Jombang, CNN Indonesia -- Presiden Joko Widodo (Jokowi) mengklaim 41 bank wakaf mikro sudah terbentuk sampai hari ini. Seluruhnya sudah beroperasi di seluruh pesantren di Indonesia dan menyalurkan pembiayaan hingga Rp8 miliar.

Sebelumnya, Otoritas Jasa Keuangan (OJK) menargetkan 50 bank wakaf mikro terbentuk di sepanjang tahun ini. Namun begitu, Jokowi mengaku cukup puas dengan realisasinya sampai saat ini yang sebanyak 41 bank wakaf mikro.

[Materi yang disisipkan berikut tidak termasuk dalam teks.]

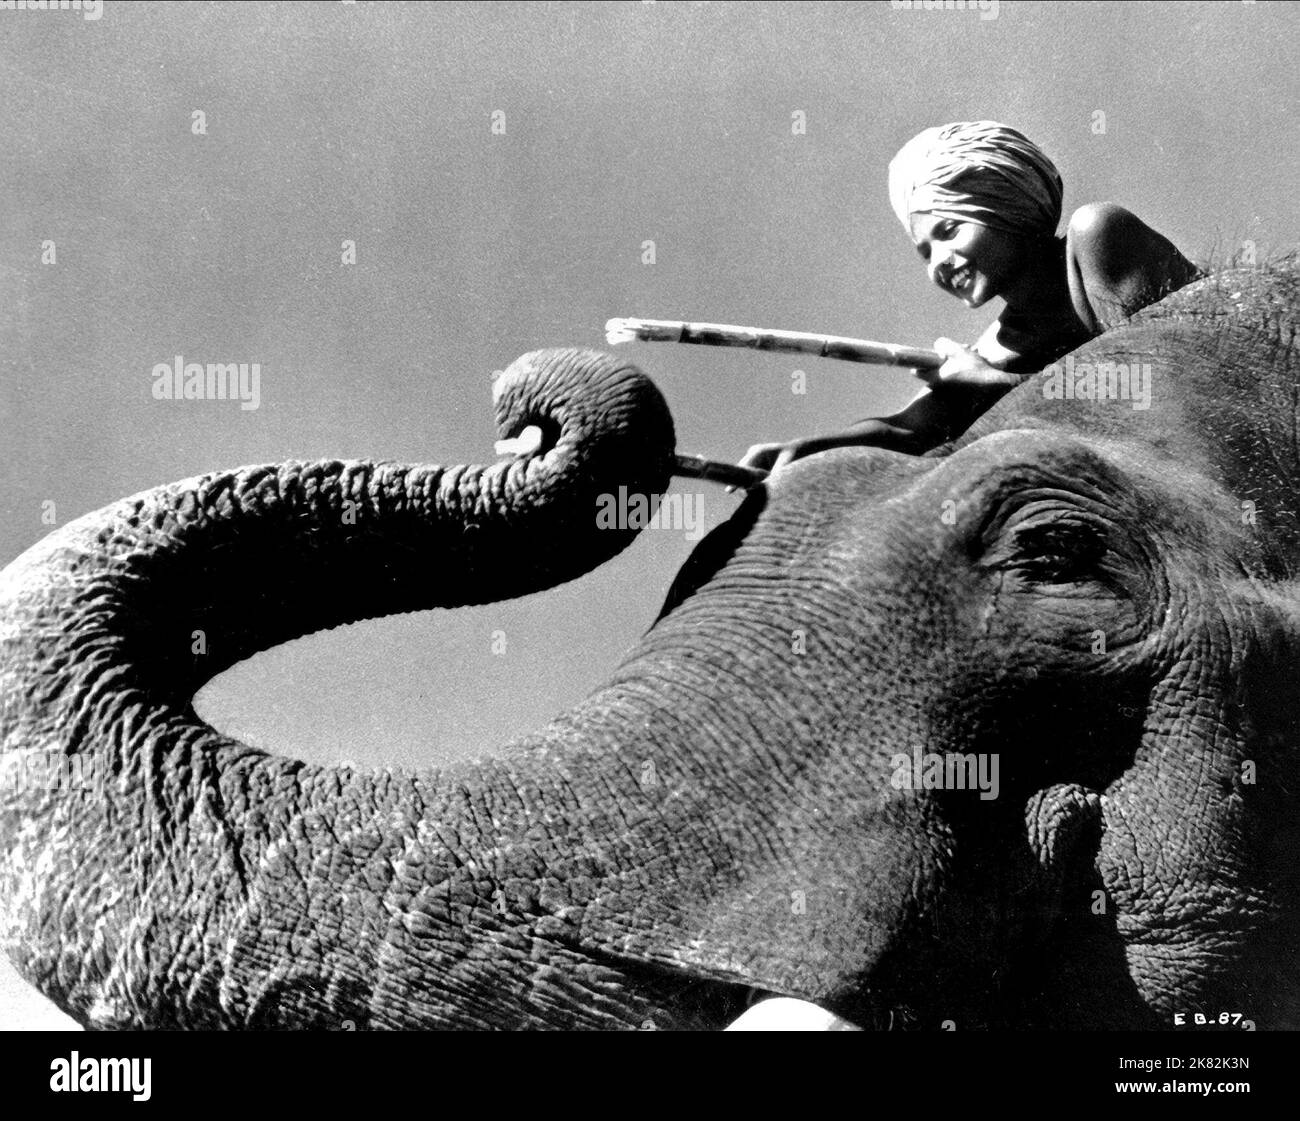 Film Sabu: Elephant Boy (UK 1937) personnages: Toomai & / Literaturverfilmung (basé sur l'histoire "Toomai des éléphants" de Rudyard Kipling) Directeur: Robert Flaherty & Zoltan Korda 08 février 1937 **AVERTISSEMENT** cette photographie est destinée à un usage éditorial exclusif et est protégée par les droits d'auteur des PRODUCTIONS CINÉMATOGRAPHIQUES DE LONDRES et/ou du photographe attribué par The film or production Company et ne peut être reproduite que par des publications dans le cadre de la promotion du film ci-dessus. Un crédit obligatoire pour LES PRODUCTIONS CINÉMATOGRAPHIQUES DE LONDRES est requis. Le photographe doit également être crédité lorsqu'il est connu. Aucune utilisation commerciale Banque D'Images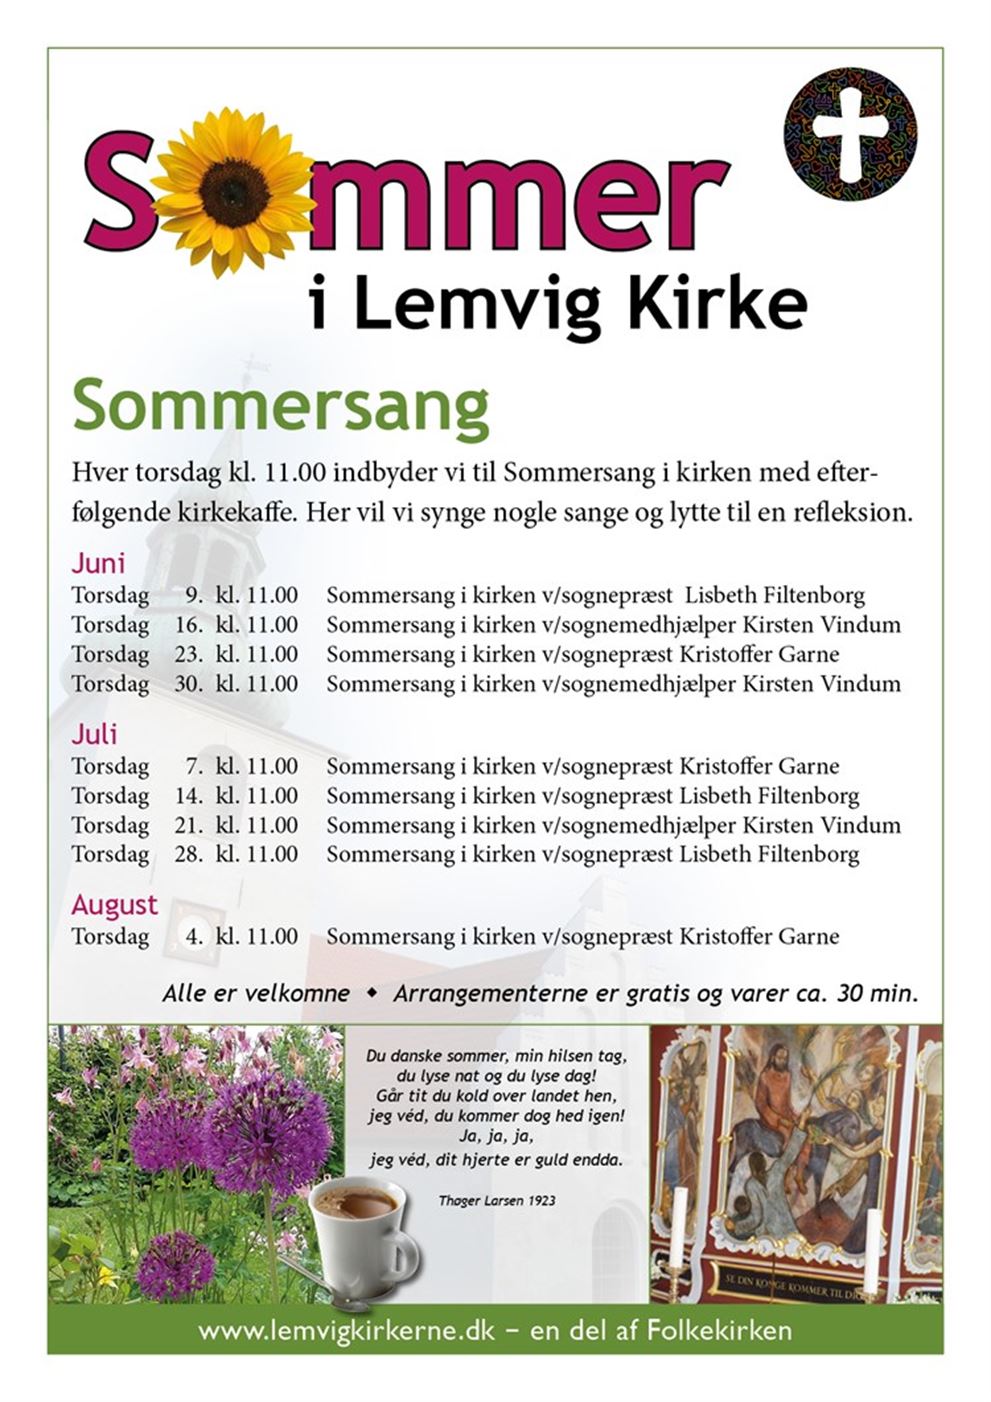 Sommersang Lemvig Kirke (14 juli)

"Kami baru mulai setahun di 41 pondok pesantren dan nanti kami akan evaluasi, kami akan lihat, kami koreksi apakah penyaluran ini sudah baik atau belum? Nasabahnya sudah terseleksi dengan baik atau belum?," ujar Jokowi di Pesantren Mamba'ul Marif, Kabupaten Jombang, Selasa (18/12).


Evaluasi dinilai penting karena pemerintah masih akan menambah pendirian bank wakaf mikro pada tahun depan. Hanya saja, Jokowi tak menyebut target-target yang ingin dicapai pemerintah pada 2019 mendatang.

Jokowi berharap bank wakaf mikro bisa membantu usaha mikro dan kecil. Maklumlah, usaha mikro dan kecil kerap terganjal sumber dana karena kesulitan mendapatkan pembiayaan. Hal itu dikarenakan tak ada agunan untuk dijaminkan.

Bank wakaf mikro menawarkan pembiayaan maksimal Rp3 juta. Biaya administrasi yang dikenakan untuk pembiayaan sebesar tiga persen per tahun.

"Namun angka 3 persen ini bukan bunga, hanya biaya administrasi. Karena kan bank wakaf mikro punya karyawan untuk digaji, listrik juga perlu dibayar. Itu beban administrasi memang harus ditanggung oleh bank agar bisa menjalankan operasinya," imbuh dia.


Ketua Dewan Komisioner Otoritas Jasa Keuangan Wimboh Santoso mengungkapkan persebaran bank wakaf mikro paling banyak terdapat di Jawa Timur dengan total tujuh bank. Untuk memperluas jangkauan kredit, OJK akan membuka kesempatan mendapat suntikan dana wakaf dari luar negeri.

Baru-baru ini OJK baru berkunjung ke Zakat House di Kuwait demi memperkenalkan konsep bank wakaf mikro. Dalam pertemuan itu, Wimboh mengatakan Kuwait sangat terkesima dengan program pemerintah ini.

"Mata mereka berkaca-kaca dan langsung bilang, (butuh suntikan dana) berapa? Konsep ini bagus akan dipahami bukan hanya dengan budaya Indonesia saja. Sumber pendanaan wakaf dari luar negeri yang memberikan masyarakat manfaat lebih banyak lagi," tandasnya.